Bankruptcy is the busiest federal court in America. In theory, bankruptcy in America exists to cancel or restructure debts for people and companies that have way too many—a safety valve designed to provide a mechanism for restarting lives and businesses when things go wrong financially.
In this brilliant and paradigm-shifting book, legal scholar Melissa B. Jacoby shows how bankruptcy has also become an escape hatch for powerful individuals, corporations, and governments, contributing in unseen and poorly understood ways to race, gender, and class inequality in America. When cities go bankrupt, for example, police unions enjoy added leverage while police brutality victims are denied a seat at the negotiating table; the system is more forgiving of civil rights abuses than of the parking tickets disproportionately distributed in African American neighborhoods. Across a broad range of crucial issues, Unjust Debts reveals the hidden mechanisms by which bankruptcy impacts everything from sexual harassment to health care, police violence to employment discrimination, and the opioid crisis to gun violence.
In the tradition of Matthew Desmond’s groundbreaking Evicted, Unjust Debts is a riveting and original work of accessible scholarship with huge implications for ordinary people and will set the terms of debate for this vital subject.
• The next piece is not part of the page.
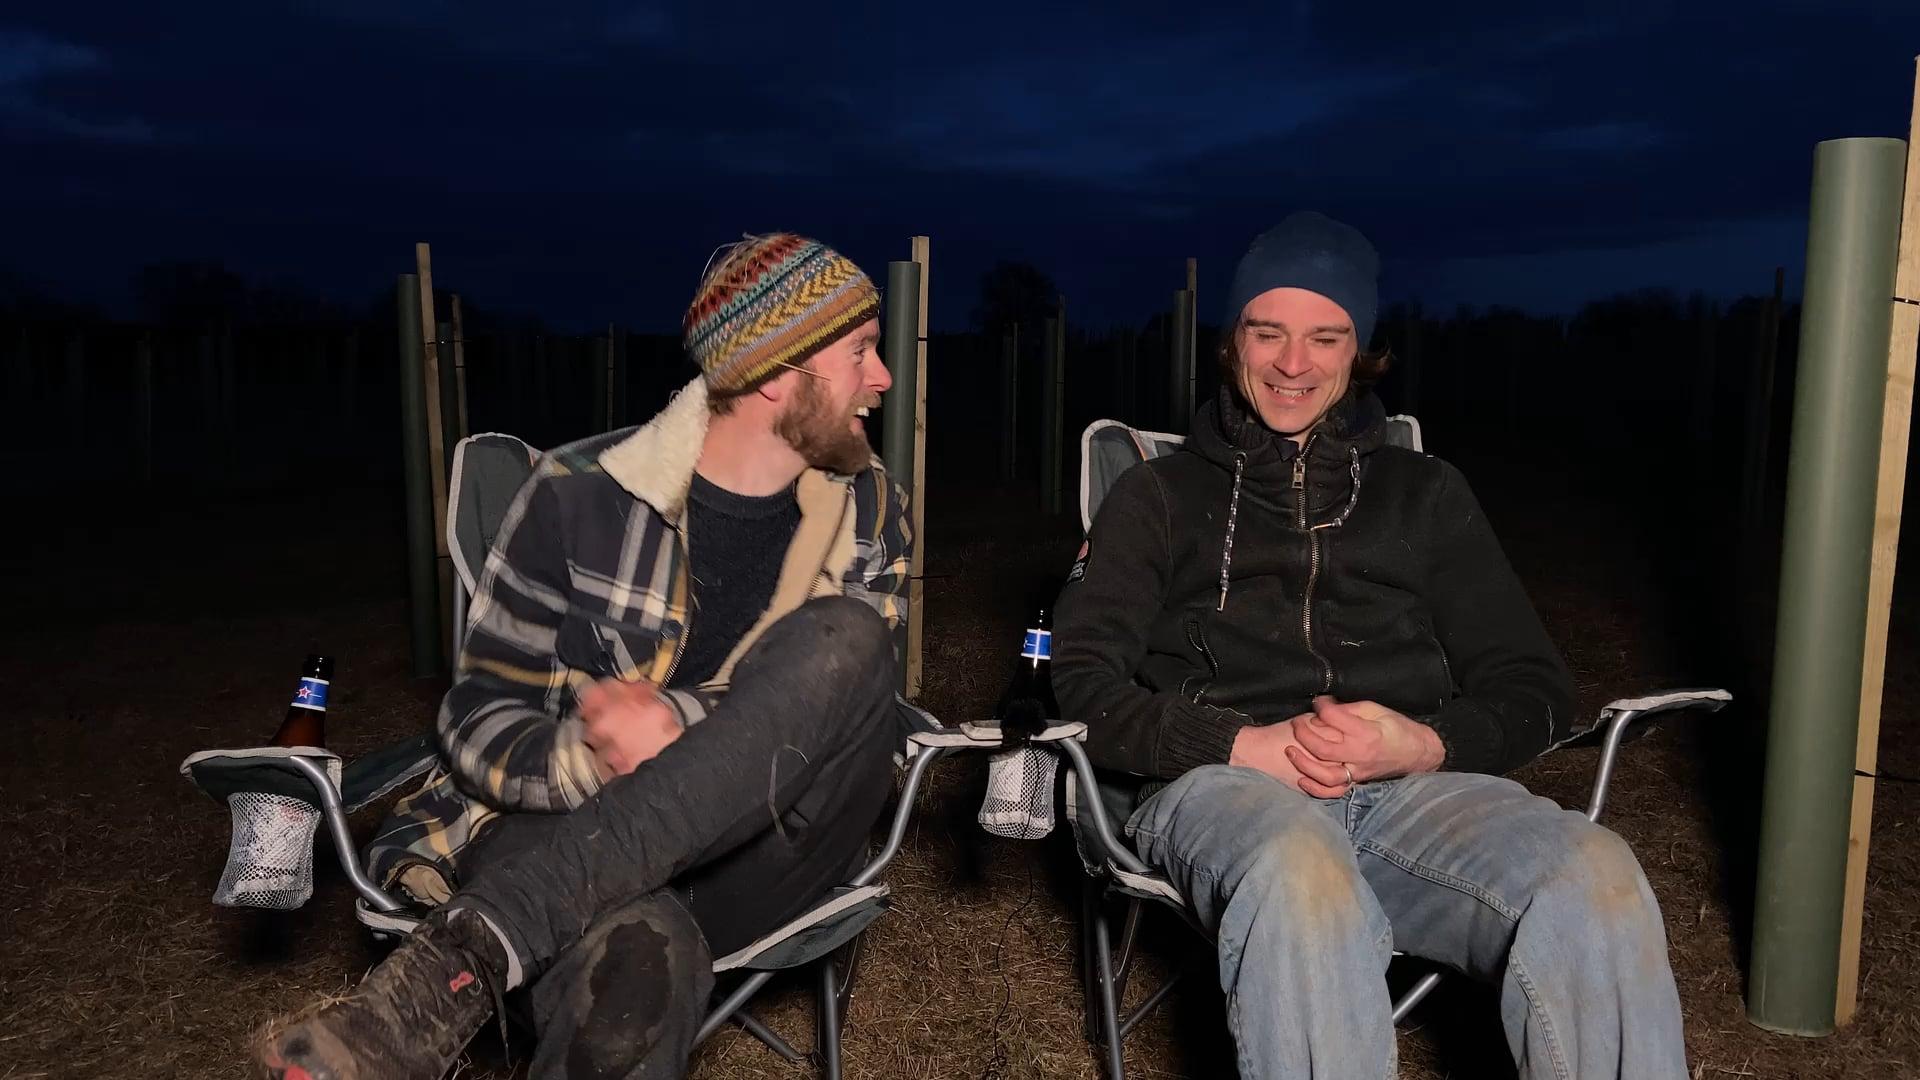 Ninebarrow Woodland Update - Friday 5th March

Melissa B. Jacoby is the Graham Kenan Professor of Law at the University of North Carolina at Chapel Hill. A frequent commentator on bankruptcy and debt in national media outlets, she has published over fifty articles, book chapters, and op-eds. She lives in Chapel Hill, North Carolina, and Brooklyn, New York. Unjust Debts: How Our Bankruptcy System Makes America More Unequal (The New Press) is her first book. Find her at mbjacoby.org.
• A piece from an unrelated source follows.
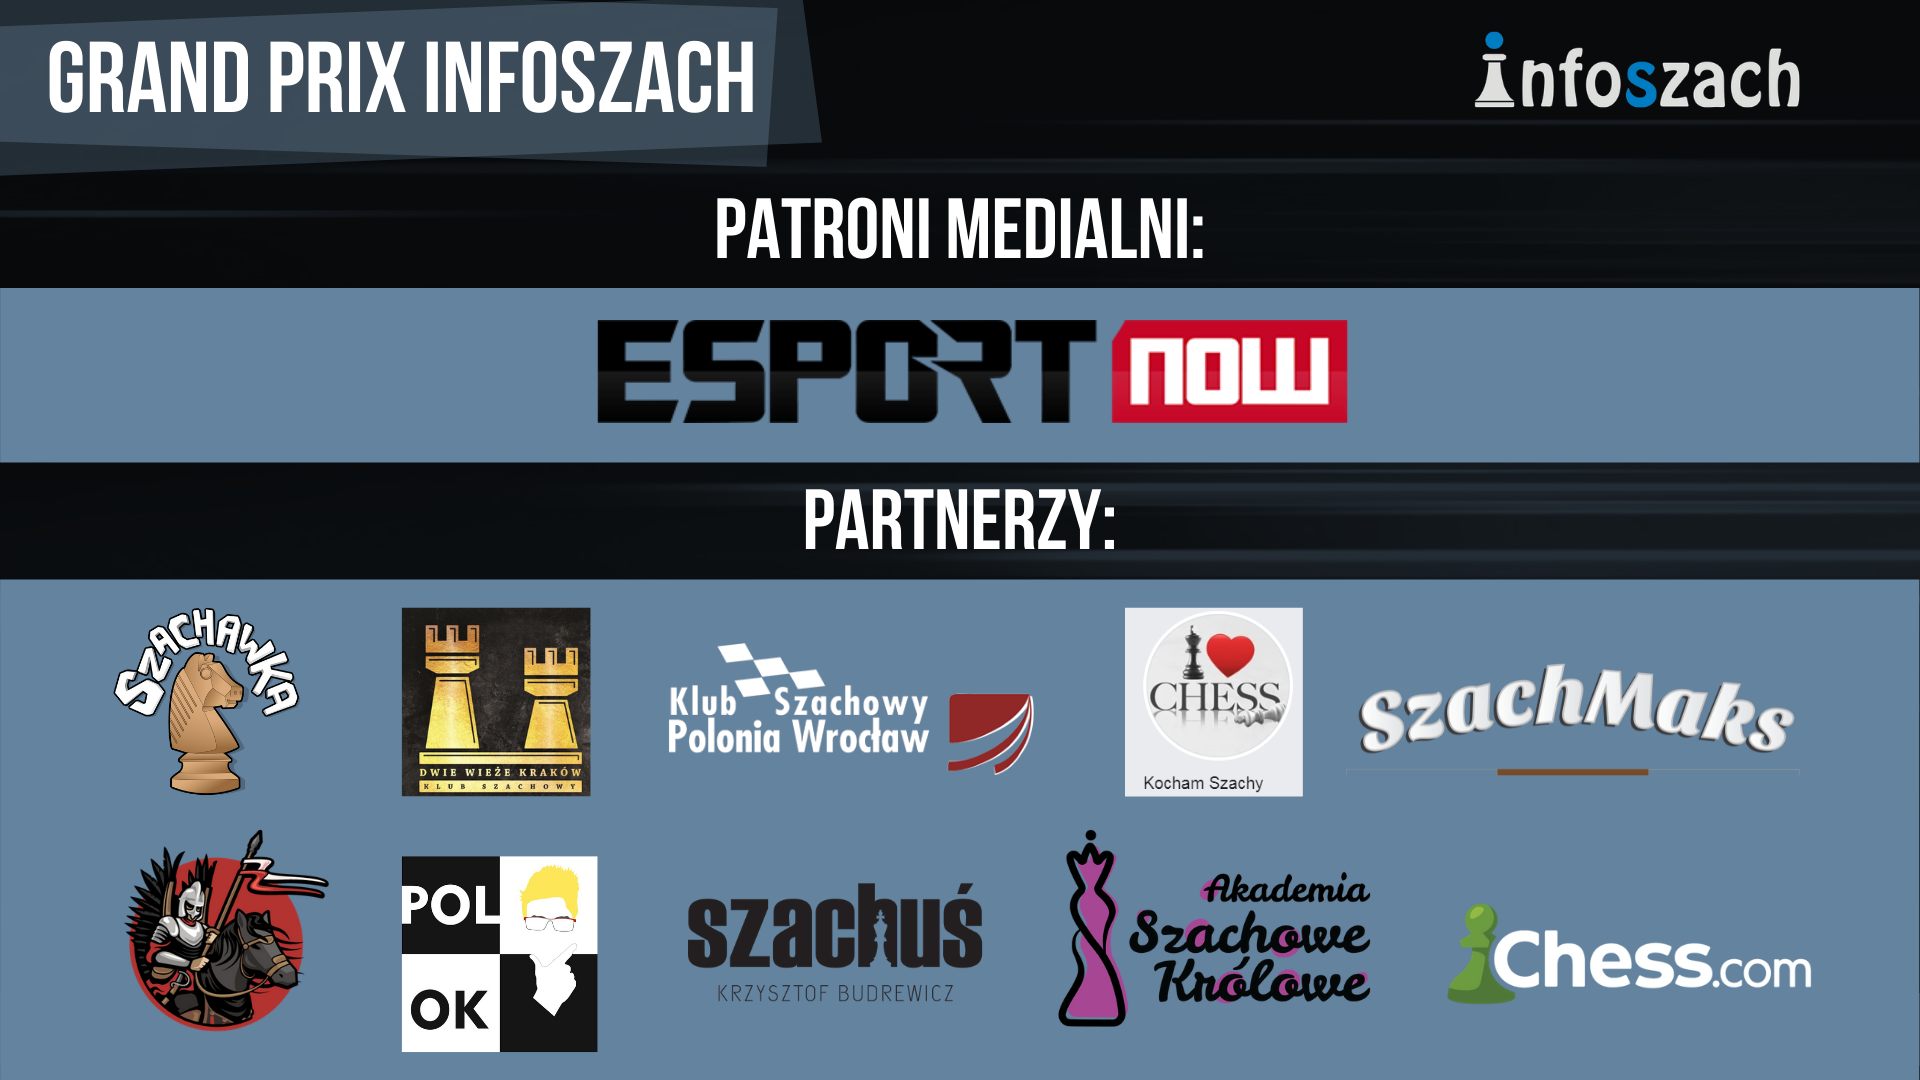 Grand Prix Infoszach (2)

Gene R. Nichol is a law professor, commentator, and author of Indecent Assembly: The North Carolina Legislature’s Blueprint for the War on Democracy and Equality (Blair) and The Faces of Poverty in North Carolina: Stories from Our Invisible Citizens. He was director of the UNC Poverty Center until it was closed by the UNC Board of Governors for publishing articles critical of the then governor and General Assembly. Since 2015, his research has been supported by the North Carolina Poverty Research Fund.